Edit your static HTML files (i.e. via a stream editor like ’sed’) to remove/replace any troublesome markup.   Look for repeated sections that can be removed, .i.e it was common with older HTML pages to use tables to provide structure – perhaps the top row is your ‘header’ and the bottom row is your ‘footer’ – split the file and remove theses duplicated sections.  You may also want to use a tool like tidy (HTML tidy) to ‘clean’ the HTML markup.

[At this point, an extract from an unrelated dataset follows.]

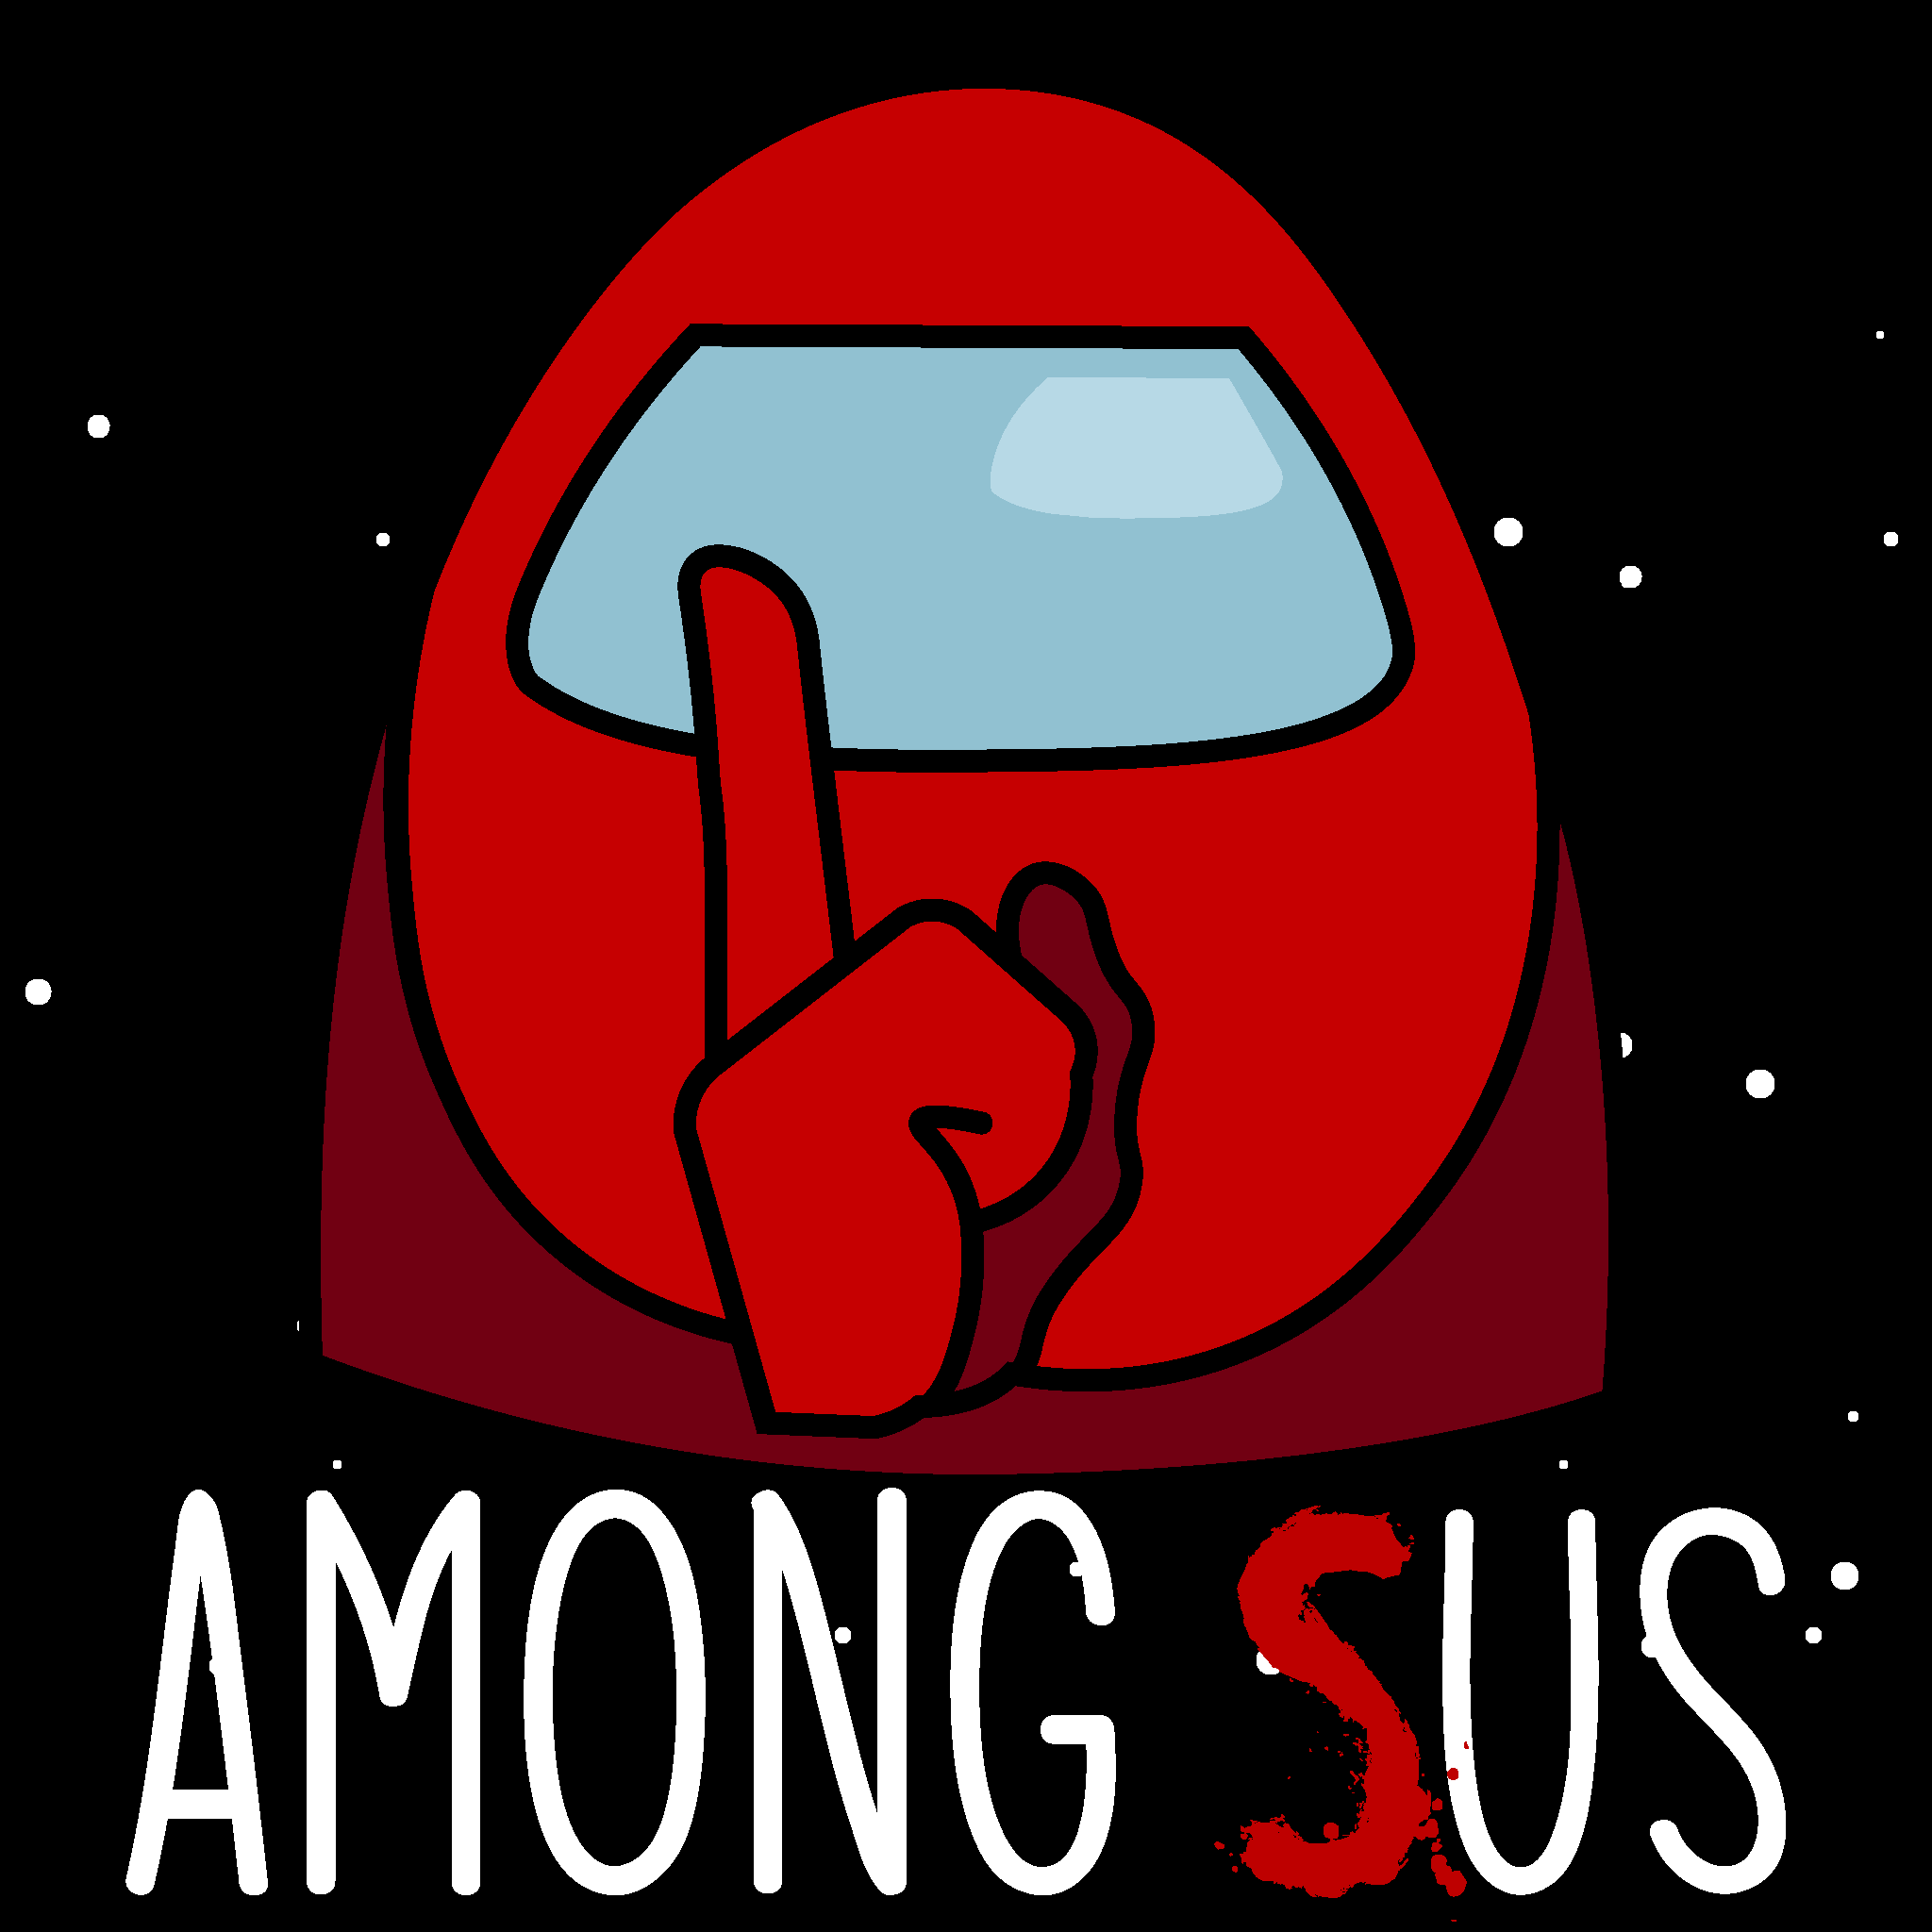 Among Us Logo - Hello guys, I redesigned the Among Us

During media import Wordpress will attempt to resolve (remove/replace) the special characters listed below – these characters can cause problems for proper operation of general functions which may not know how to deal with them, hence you should avoid them.  In general you will have fewer file name-related issues if you limit file names to using upper and lower case letters, numbers, dashes, underscores, and periods.  Avoid using special punctuation marks or special symbols (i.e. avoid using any symbol that can only be typed by using the ’shift key’.)

** Special characters to AVOID in file names (this may  vary depending upon your operating system):

  • spaces:  ' '
  • apostrophe, single or double quotes:  ',  "
  • commas:  ,
  • parenthesis:  ( or )
  • pipes:  |
  • exclamation mark:  !
  • other special symbols:  @, #, $, %, ^, &, *. [, ] ,{, }, ~, `

After renaming your files and deciding on your structure you are almost ready to import.  I have not found an import utility that will pull in both media and web page (text) content – so you have to decide:

Option A (semi-auto import - needed for large number of files/media)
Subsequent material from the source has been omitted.